Michael Willis, Fellow of the Middle East Centre and author of The Islamist challenge in Algeria: A Political History.

James McDougall,
Professor of modern and contemporary history and author of A History of Algeria (2017)

Foreign Affairs  The Fall of Abdelaziz Bouteflika
BBC News         How Algeria's army sacrificed a president to keep power

Latefa Guemar has significant experience researching Algeria, gender, diaspora studies and refugee studies. She has collaborated extensively on publications and research over the last year on Algeria, civil society, the Hirak mobilisation and more. She obtained her PHD from University of East London and has published on that topic of the Feminization of Forced Migration - case studies from Algeria and the Black Decade. She has a significant network in London with the Algerian diaspora and across Algeria, in Jijel where she was born, in Oran where she grew up and in Algiers where she studied.

My  presentation builds on one year of previous research into civil society in Algeria, particularly trough online discourse analysis ( mainly Facebook and Youtube), and my  participation to Hirak  in Oran, Algiers and London. I will explore how Algerians have taken on such a powerful regime and prevented violence, despite deep frustrations and a history of violent mobilisation for political change. I will focus principally on young people, students and young women in particular who - supported by their families – have been the main actors of the Hirak.
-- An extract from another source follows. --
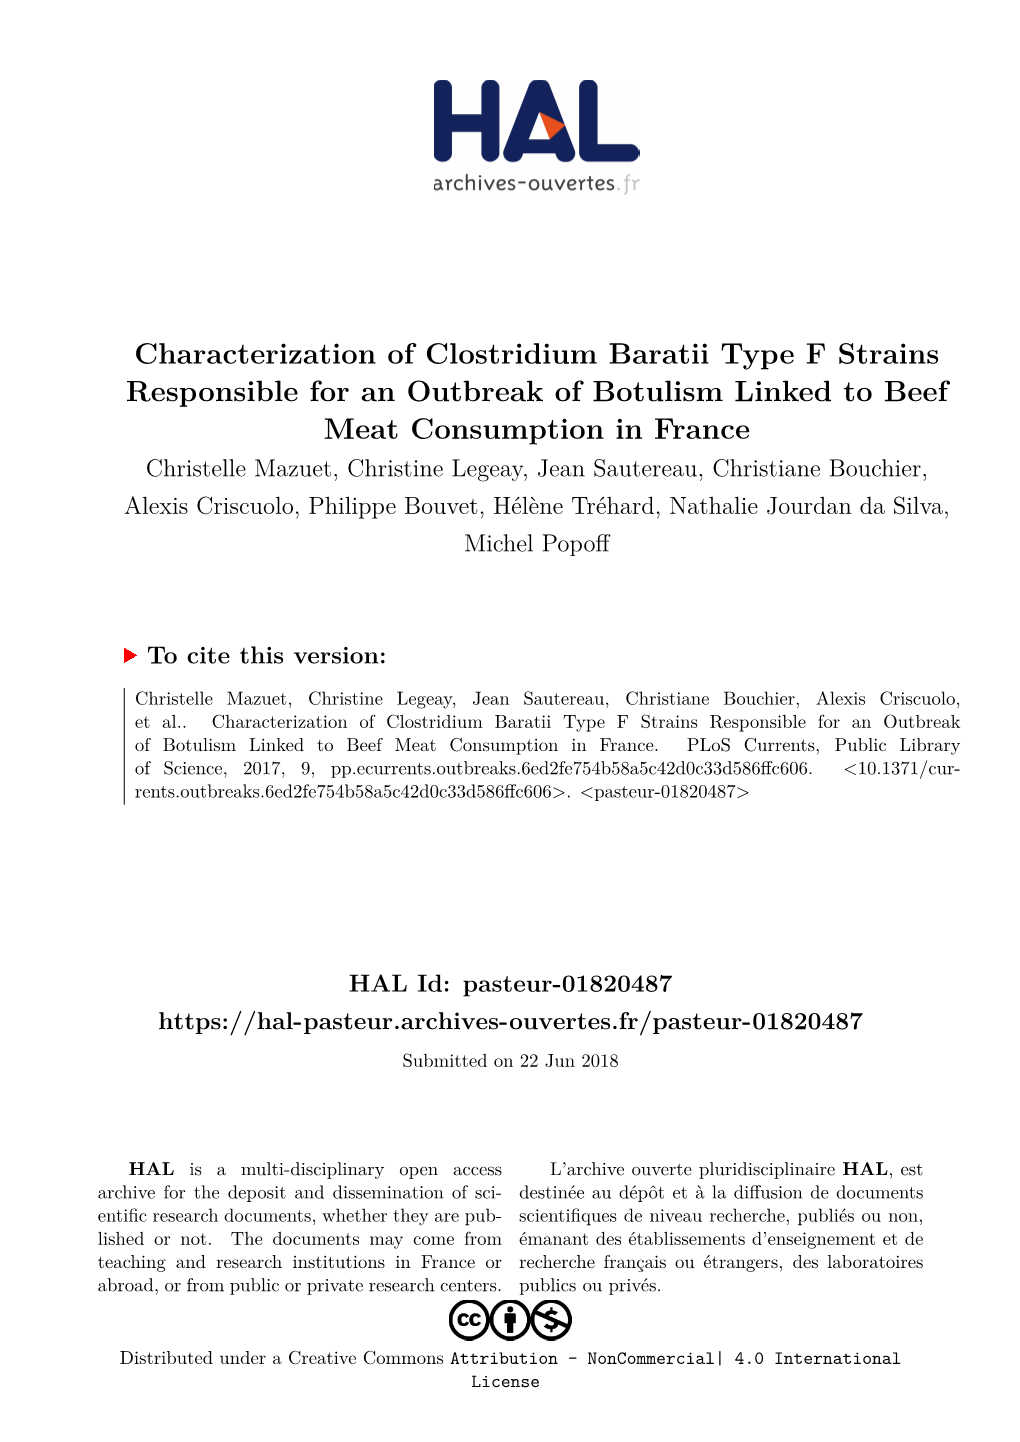 Characterization of Clostridium Baratii Type F Strains Responsible for An
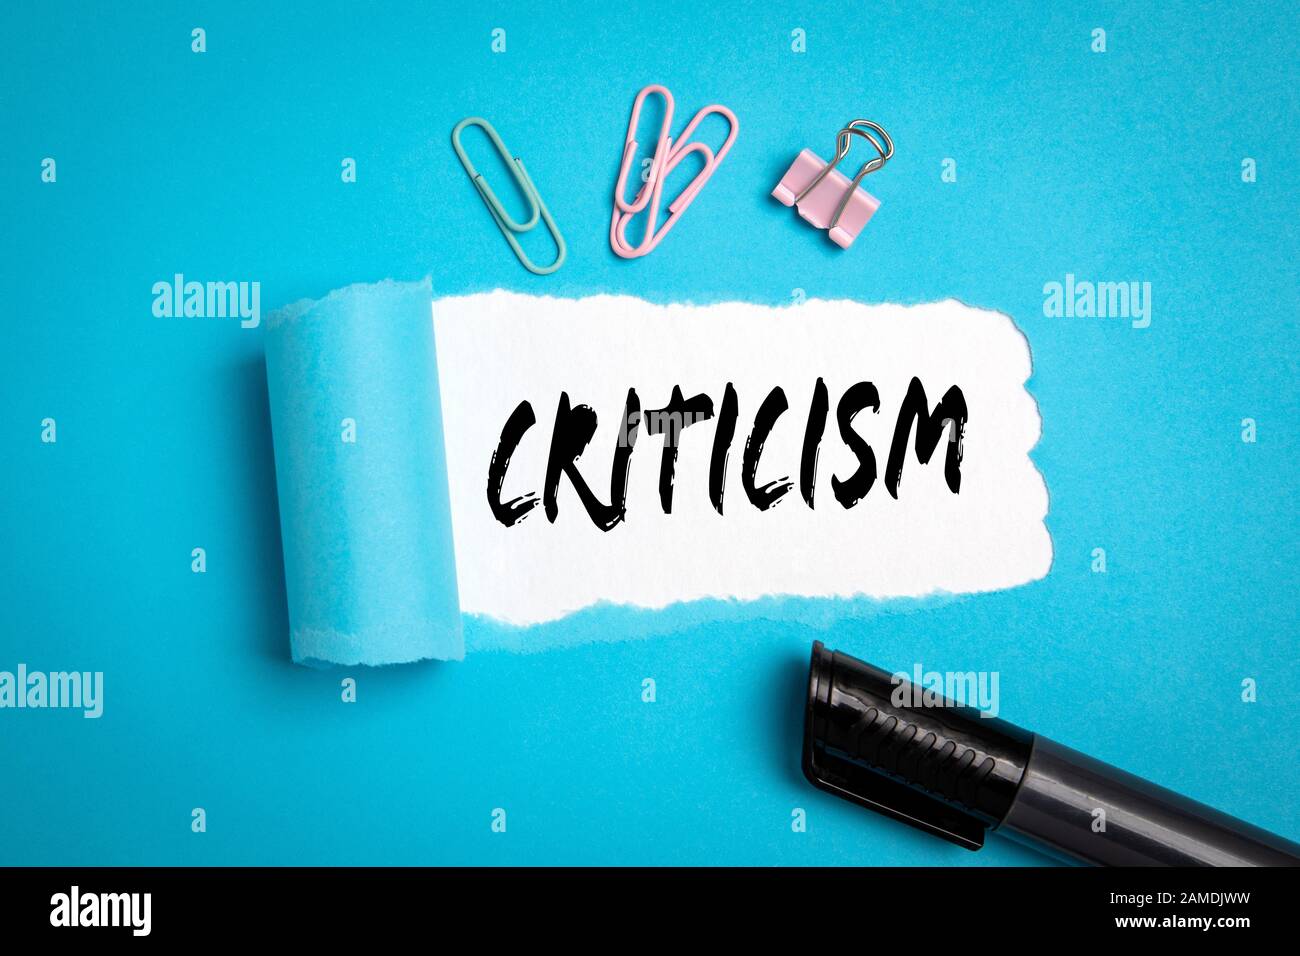 Criticism. Diversity of views, beliefs, thoughts and disagreements concept. Text under torn paper Stock Photo

Hicham Yezza is an Algerian writer and editor based in the UK. He's a regular commentator on politics, the media and civil liberties, and is a contributor to the BBC, Al-Jazeera, the Guardian, amongst others. He's a columnist on North Africa and the Middle East for OpenDemocracy, and is the Editor-in-Chief of Ceasefire, a UK-based cultural and political magazine. 

Hicham will reflect on the echoes and lessons of recent Algerian history, notably the aborted democratic opening of 1988-1992, as well as the critical role of a decade of political and social dissent, in creating the necessary conditions for the present moment. Will a new generation successfully navigate the perennial faultlines of identity, history and citizenship?